A recent study has suggested another MT-independent function of spastin-M1, which behaves as a tether between LDs and peroxisomes, allowing the supply of very long fatty acid for β-oxidation (Chang et al, 2019). Because this study has been performed upon overexpression of spastin-M1, it would be interesting to assess LD number and size under this condition. However, the role of spastin as a tether between LDs and peroxisomes is not in contradiction with our data. Lack of contacts between ER-associated LDs and other organelles may affect ER morphogenesis, and defects in channeling TAGs to peroxisomes can contribute to LD accumulation. Notably, the tethering domain of spastin overlaps with the MBD (Chang et al, 2019), suggesting a possible competition between binding peroxisomes or the MTs.

Besides affecting LD biogenesis at the ER, spastin plays a role in mediating LD dispersion from the perinuclear region to the cell periphery upon glucose deprivation, a condition that stimulates LD transport along MTs (Herms et al, 2015). Energy deprivation activates AMP activated protein kinase (AMPK) which results in a transient increase in detyrosinated MTs (Herms et al, 2015), which are a preferred substrate for spastin MT-severing activity (Roll-Mecak & Vale, 2008). Consistently, spastin competence to bind MTs is necessary to mediate LD dispersion. Moreover, reexpression of less-than-endogenous levels of wild-type spastin was enough to rescue the perinuclear accumulation of LDs, in agreement with the enzymatic role of the protein. Our data do not allow to uniquely attribute to spastin-M1 function because even low amounts of spastin-M87, recruited to the ER by oligomerizing with spastin-M1, may be sufficient to restore LD movement. Elegant work has previously shown that tubulin polyglutamylation controls MT severing by acting as a rheostat and activating or inhibiting spastin activity depending on the number of glutamate molecules (Lacroix et al, 2010; Valenstein & Roll-Mecak, 2016). We speculate that metabolic rewiring upon starvation leads to a change in the tubulin posttranslational code that activates spastin MT-severing activity in the vicinity of LDs, facilitating their detachment from the ER required for long-distance travel along MTs. Consistent with this hypothesis, we found that LDs in cells lacking spastin display increased contact sites with the ER. However, this result could also reflect the perinuclear accumulation of LDs in KO cells and, hence, the higher density of ER sheets in this region. A role of spastin-mediated MT severing in LD trafficking may explain our previous findings of decreased LD number and TAG levels in Drosophila motor axons, upon dow-nregulation of Dspastin (Papadopoulos et al, 2015). Importantly, these organisms lack a spastin isoform targeted to the ER, and therefore, phenotypes related to LD distribution and mobilization along MTs may be prevalent.

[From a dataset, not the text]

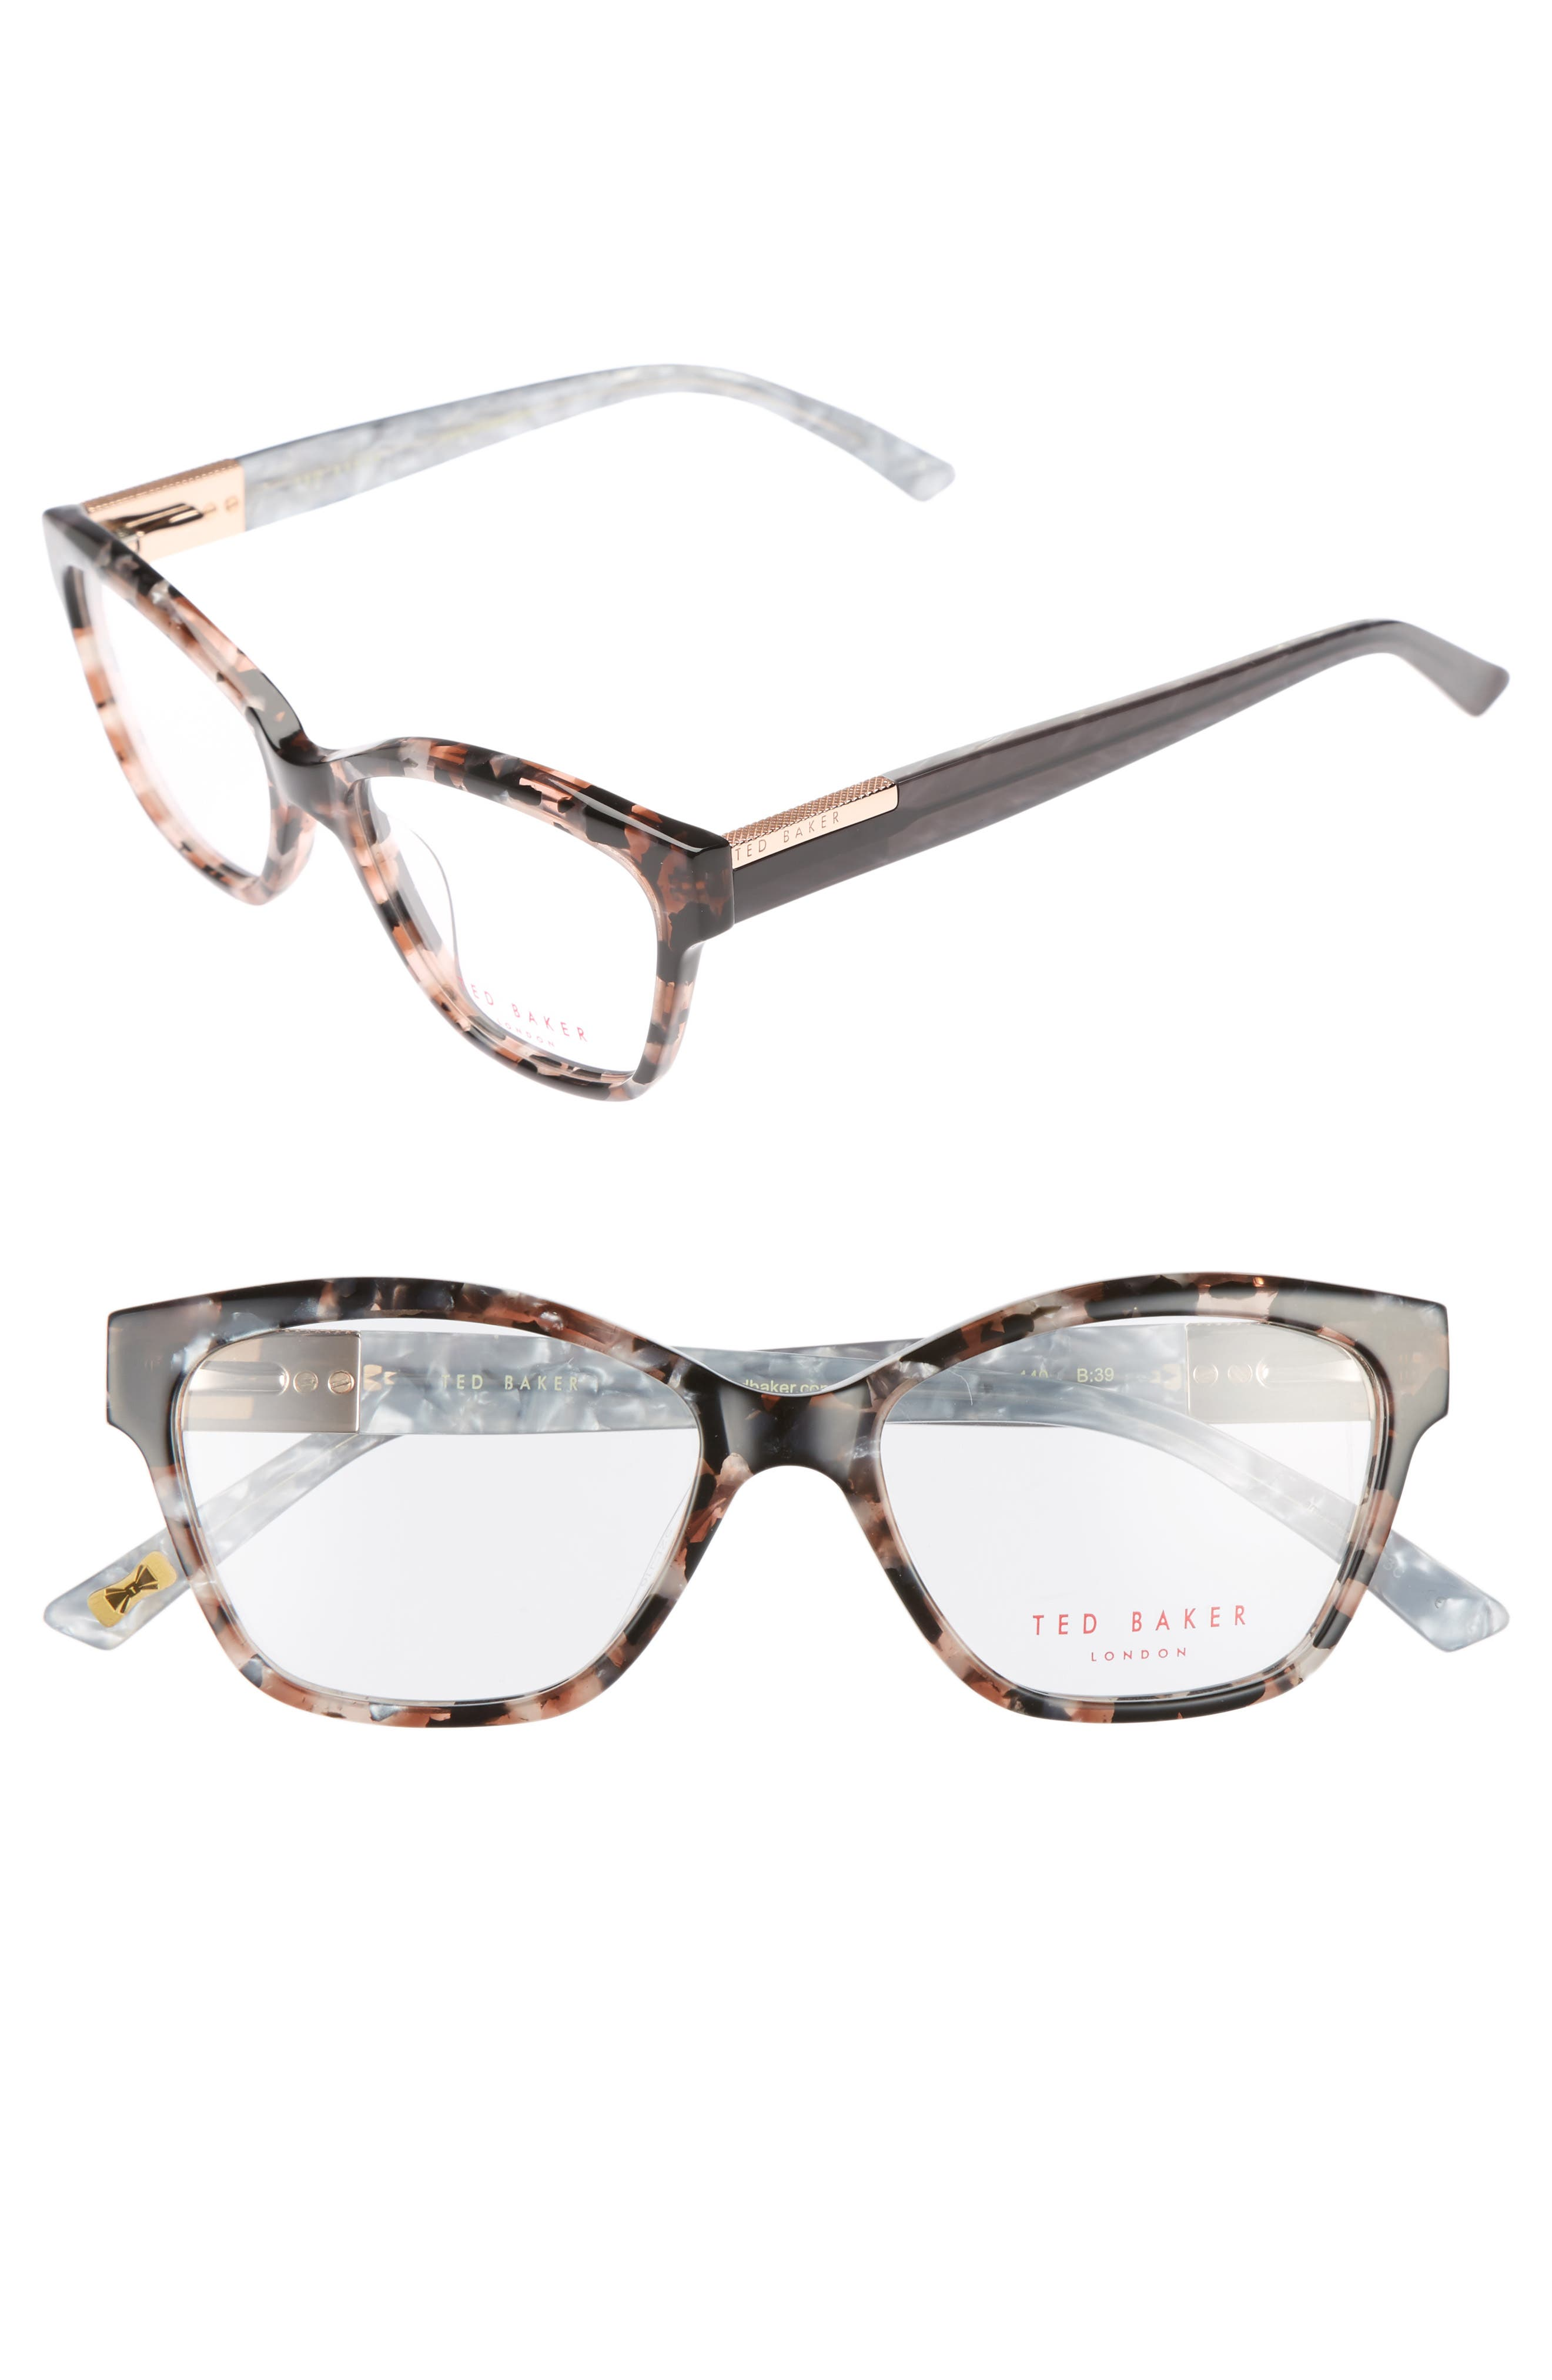 52mm Optical Cat Eye Glasses,                             Main thumbnail 1, color,                             650

Our data further emphasize that tightly regulated levels of spastin-M1 are essential for ER and LD homeostasis because clones that overexpress MT-severing–competent spastin-M1 above endogenous levels displayed susceptibility to DGAT inhibition and failed to disperse LDs. Indeed, synthesis of spastin-M1 is restricted by a poor Kozak consensus around the first start codon (Claudiani et al, 2005). Although our data support both MT-dependent and MT-independent roles of spastin, a limitation of the rescue experiments is that they rely on single clones. Therefore, it will be important to further substantiate these studies with independent strategies.

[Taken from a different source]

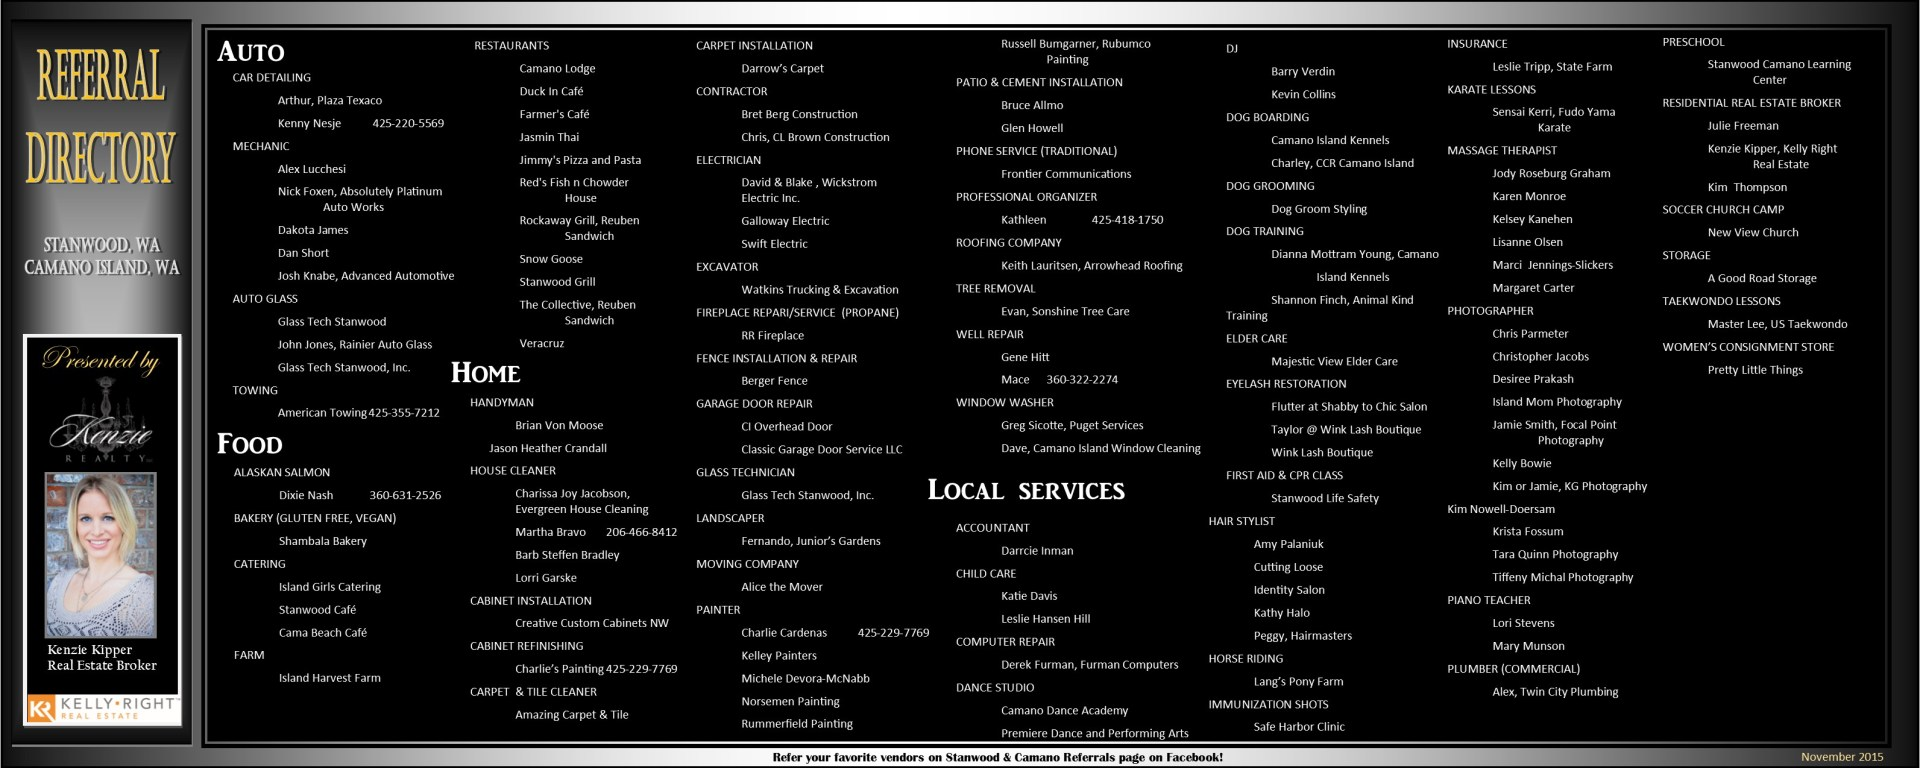 november 2015 referral directory

A challenging question is whether the LD abnormalities that we observe in the immortalized Spast KO NSC34 cells also occur in cortical motor axons of human patients carrying mutations in the SPAST gene. So far, very little is known on the function and behavior of neuronal LDs. Neurons and axons have apparently a limited ability to store TAGs in LDs; however, very small LDs may be difficult to detect with current methods and play unrecognized roles in these cells (Pennetta & Welte, 2018). TAGs in neurons are likely to undergo a constant turnover, as loss of Ddhd2, which encodes a TAG hydrolase, leads to the neuronal accumulation of LDs in the mouse (Inloes et al, 2014, 2018). Notably, mutations in DDHD2 are associated with HSP (Schuurs-Hoeijmakers et al, 2012). Long corticospinal axons depend on continuous supply of phospholipids to maintain their membrane. In the case of mutations in DDHD2, it is conceivable that impaired TAG hydrolysis would limit the amount of diacylglycerols available for phospholipid synthesis. Consistently, TAG hydrolysis has been shown to be essential to support regeneration properties of peripheral axons (Yang et al, 2020). In the case of mutations in SPAST, or in other HSP genes that cause disrupted ER morphogenesis, rewiring of lipid metabolism to increase TAG synthesis and LD formation may rescue ER homeostasis but trigger defects in phospholipid synthesis that in the long term would affect membrane maintenance and vesicular trafficking, leading to degeneration of extremely long axons. Although this remains a speculation, testing this hypothesis will be important to unravel the contribution of disturbed lipid metabolism in the pathogenesis of HSP.

Materials and Methods

Cell lines and culture conditions

All components necessary for cell culture were bought from Invitrogen unless stated otherwise. NSC34 cells (Cashman et al, 1992) and MEFs were cultured and maintained in DMEM containing 4.5 g/l glucose supplemented with 2 mM glutamine, penicillin (200 U/mL), and streptomycin (200 μg/ml), and 5% defined fetal bovine serum (GE Healthcare Hyclone) for NSC34 cells or 10% FetalClone III (GE Healthcare Hyclone). Pheonix-ECO HEK293 cells were cultured in DMEM supplemented with GlutaMAX, 10% fetal FCS, penicillin (200 U/ml), and streptomycin (200 μg/ml). For glucose and serum starvation, we omitted glucose or serum, respectively, and further supplemented the medium with pyruvate (1 mM) and nonessential amino acids. HBSS starvation was carried out with HBSS (with calcium and magnesium).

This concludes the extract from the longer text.